▶ [EXERCISE REQUIREMENTS] Restate exactly, and only, the lines from the one with "Ole, El Viaje" through the end of the data, with both of those end lines kept. Drop any pictures.

▶ [DATA]
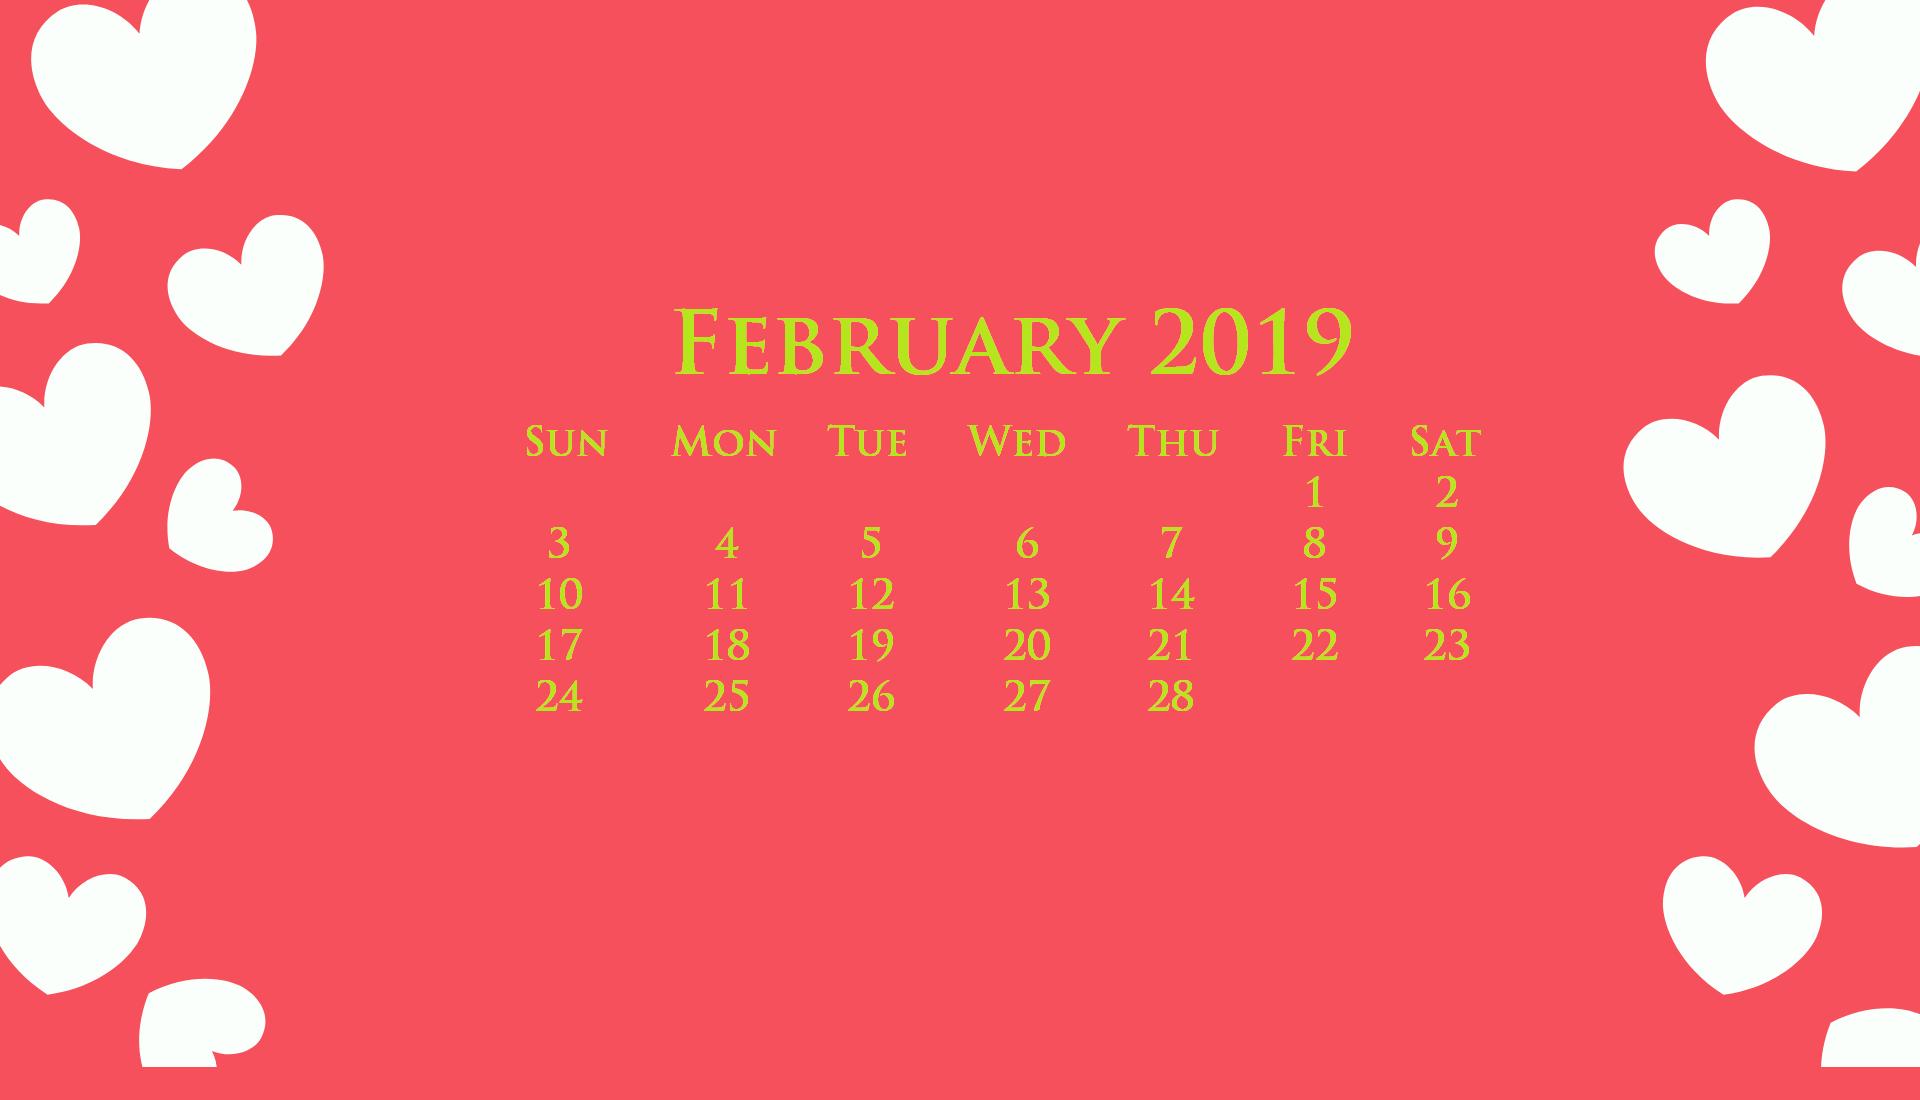 Desktop February 2019 Calendar Wallpaper February 2019february Februarycalendar2019 Desktopcaledar Desktop Calendar Calendar Wallpaper February Wallpaper
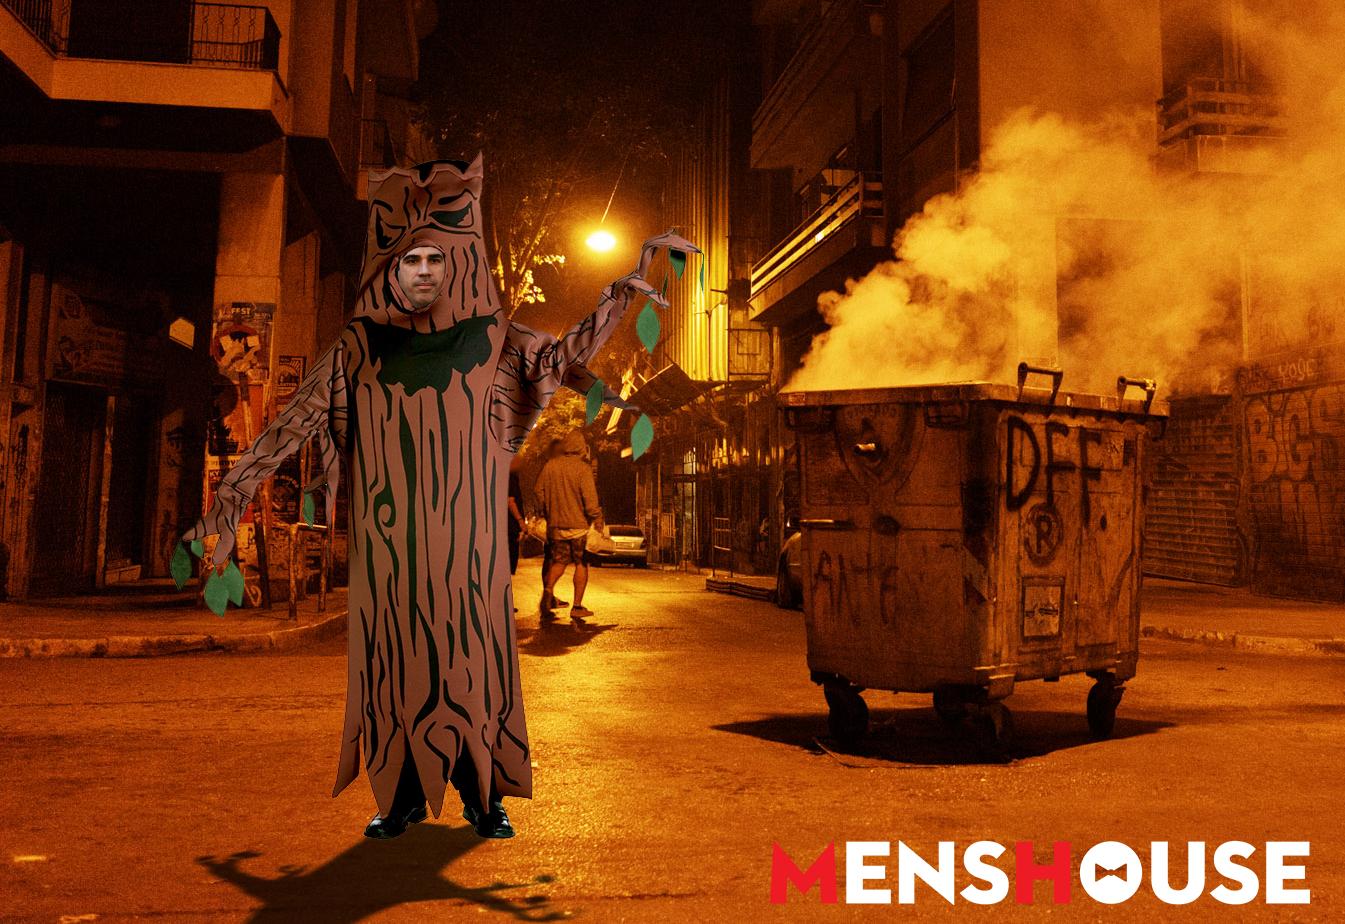 Φωτό-ντοκουμέντο: Κομάντο Πλεύρης πηγαίνει μεταμφιεσμένος Εξάρχεια το βράδυ και κλείνει στόματα (Pics)
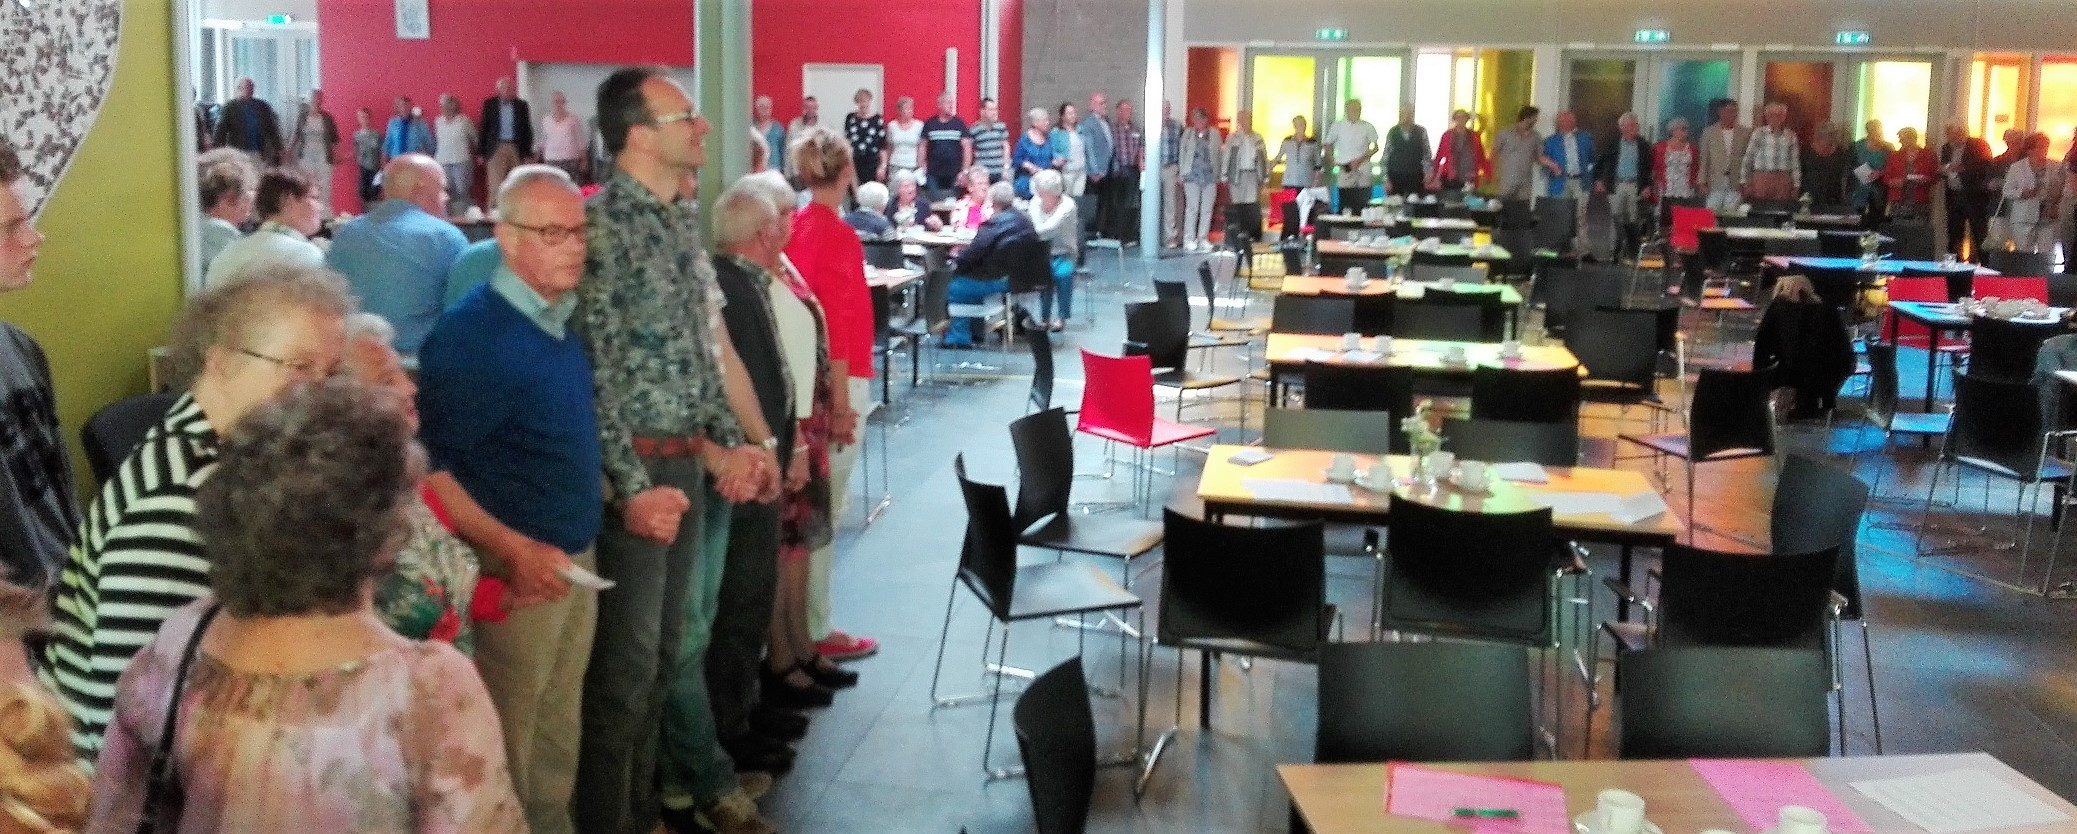 Goede Wijn, waarderende gemeenteopbouw van Jan Hendriks verhalen vertellen verbinden
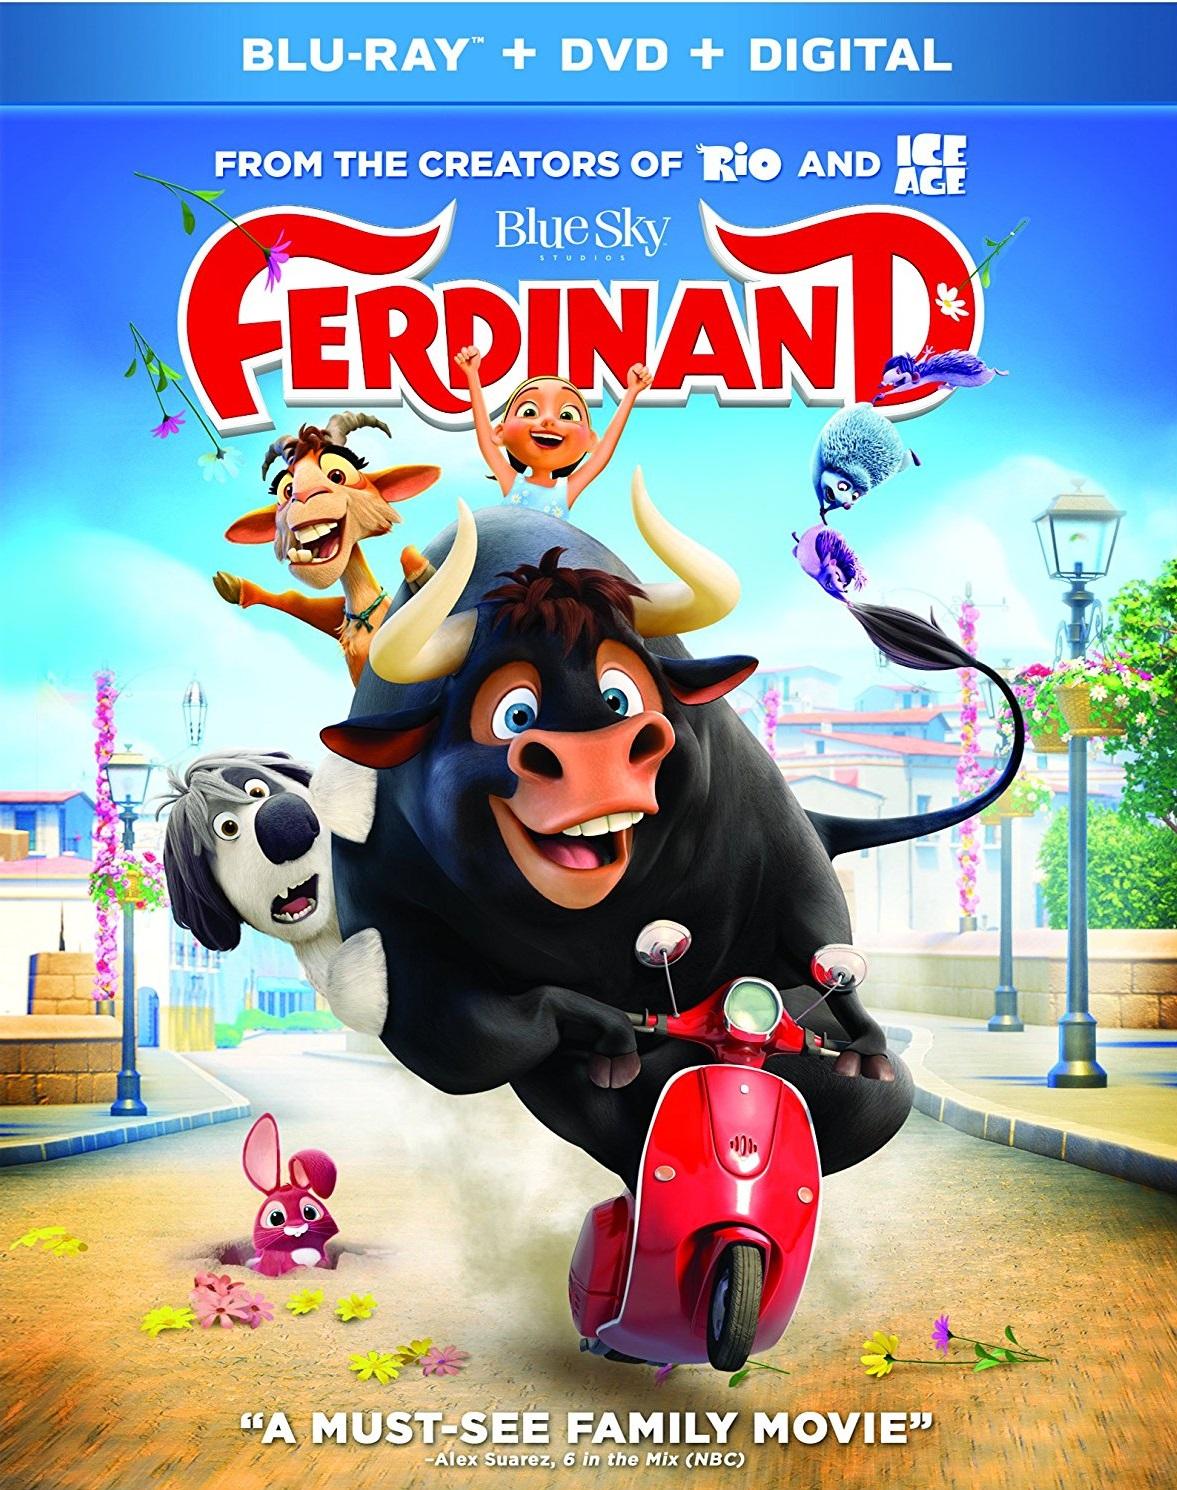 Ole, El Viaje de Ferdinand - 2017 [HD] [1080p] [Latino]
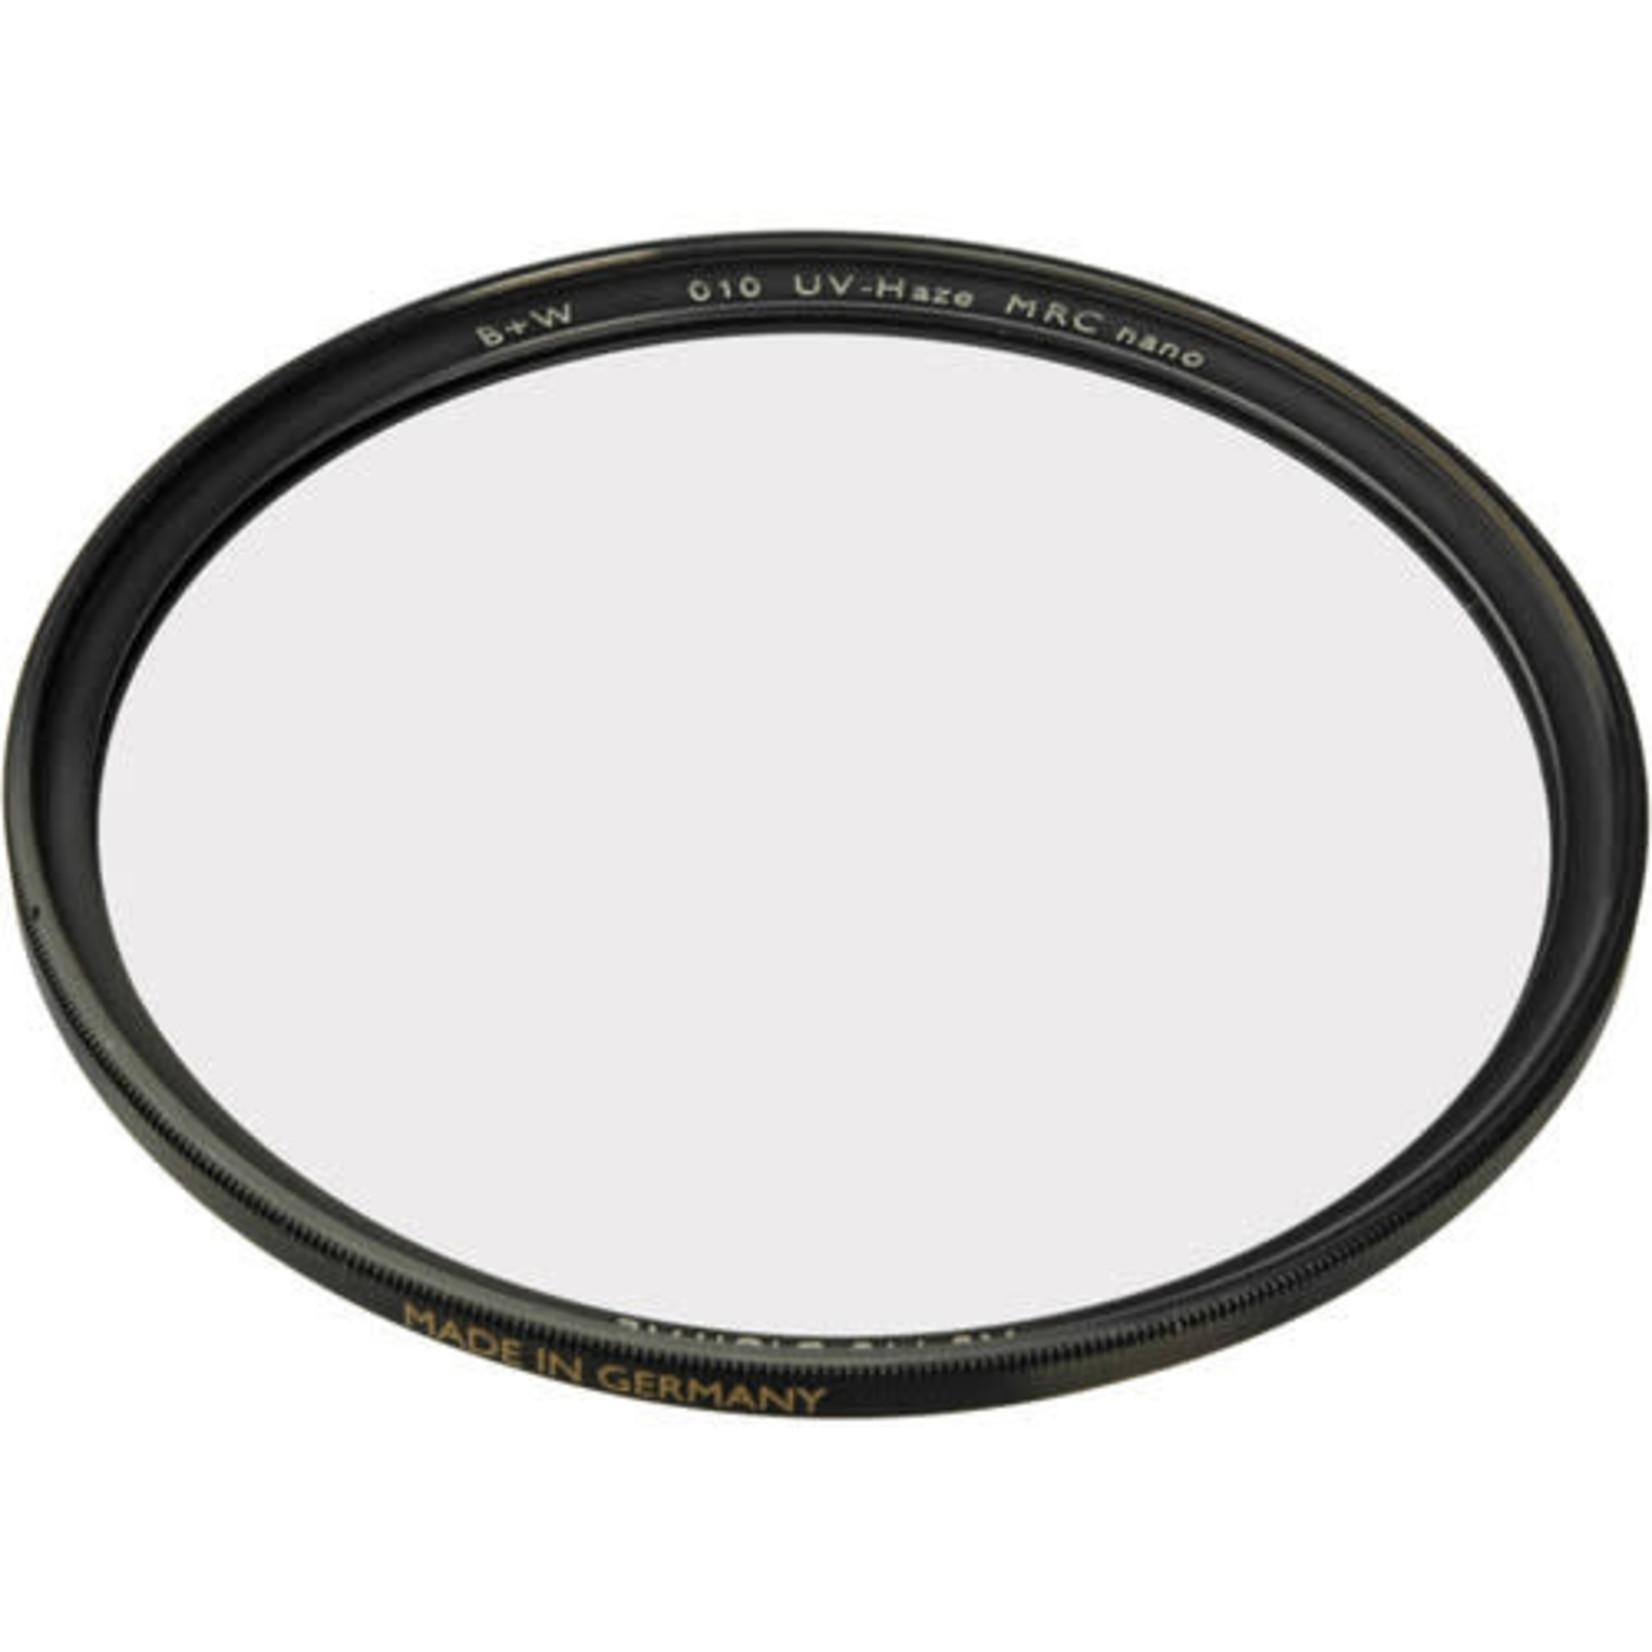 B+W B+W 52mm XS-Pro UV Haze MRC-Nano 010M Filter

▶ [TASK ANSWER]
 Ole, El Viaje de Ferdinand - 2017 [HD] [1080p] [Latino]
 B+W B+W 52mm XS-Pro UV Haze MRC-Nano 010M Filter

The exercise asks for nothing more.